Copy out the data in full and exactly, passing over the pictures.

**COLLECTED DATA**:
○ ○ ○
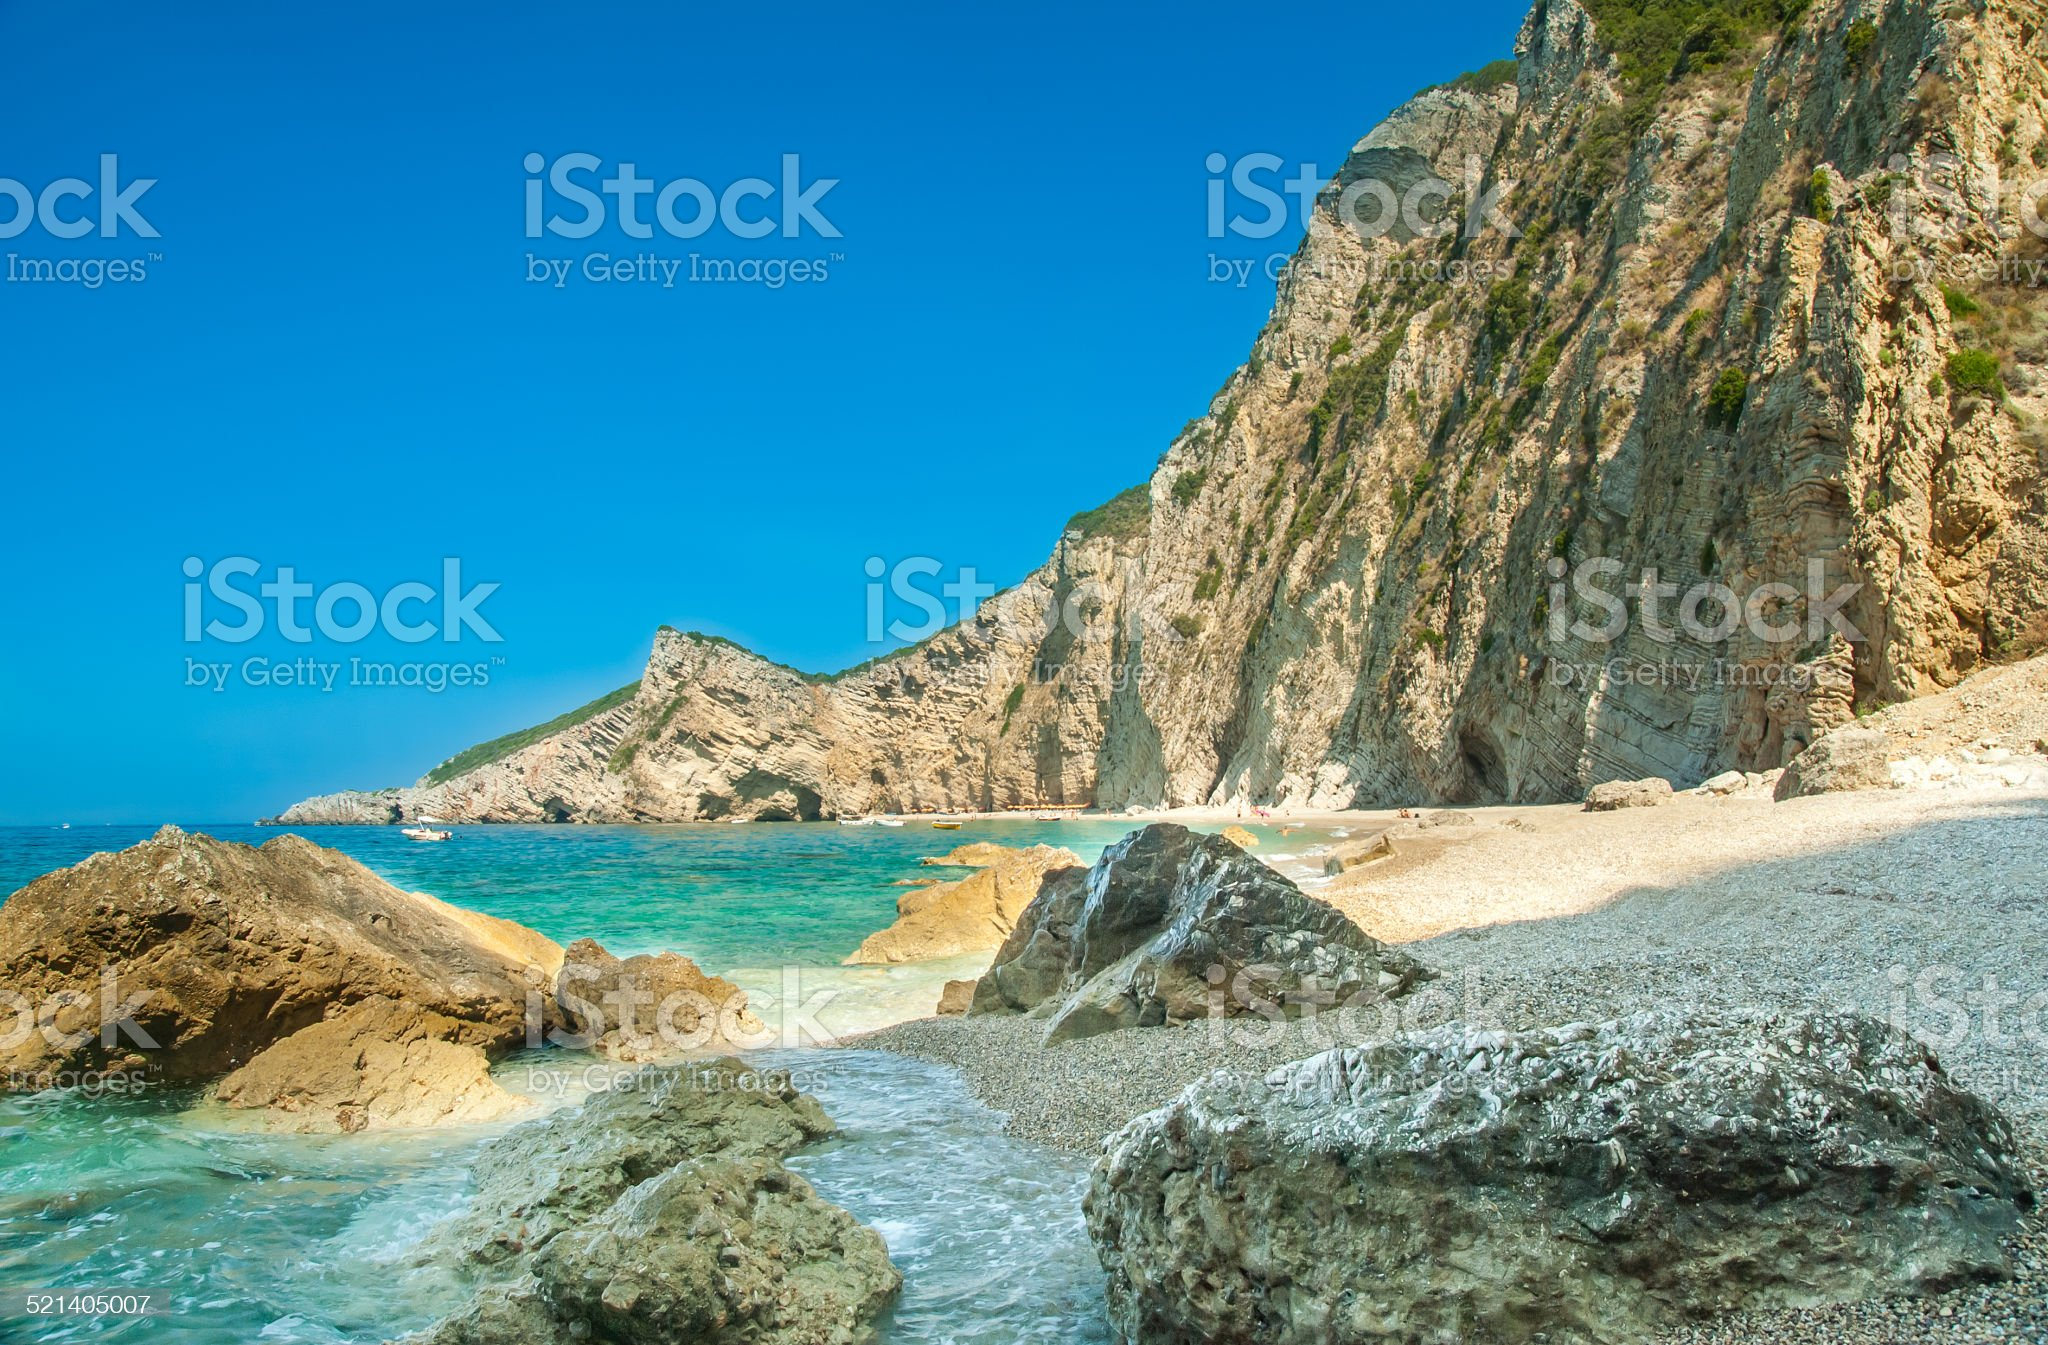 ✓ Paradise Beach near Liapades, Corfu Island, Greece Stock Photos
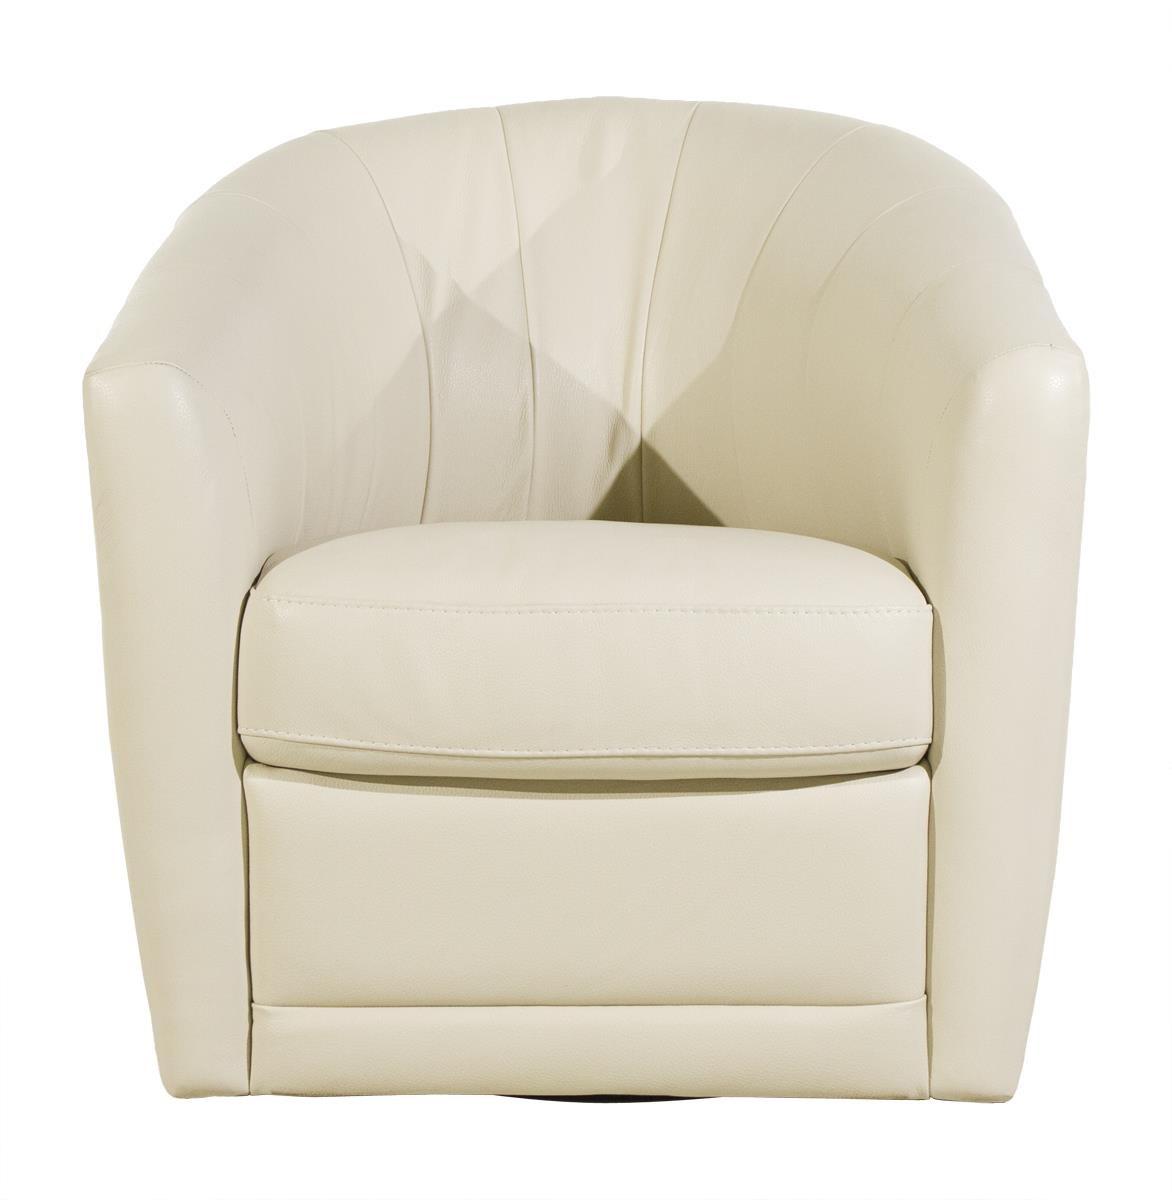 natuzzi swivel chair antique gold accent chairs editions giada homeworld furniture
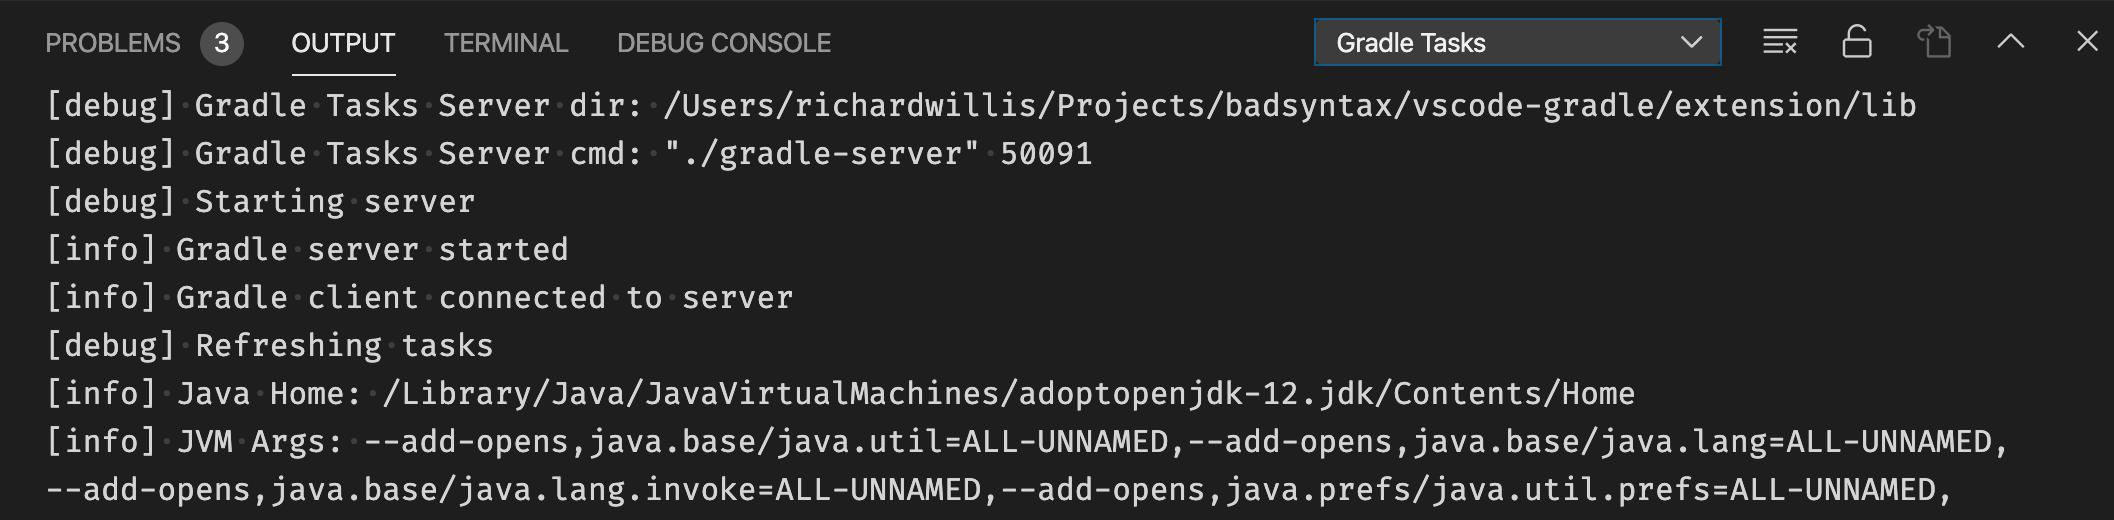 Gradle extension debug output
○ ○ ○
**ANSWER TO THE EXERCISE**:
 ✓ Paradise Beach near Liapades, Corfu Island, Greece Stock Photos
 natuzzi swivel chair antique gold accent chairs editions giada homeworld furniture
 Gradle extension debug output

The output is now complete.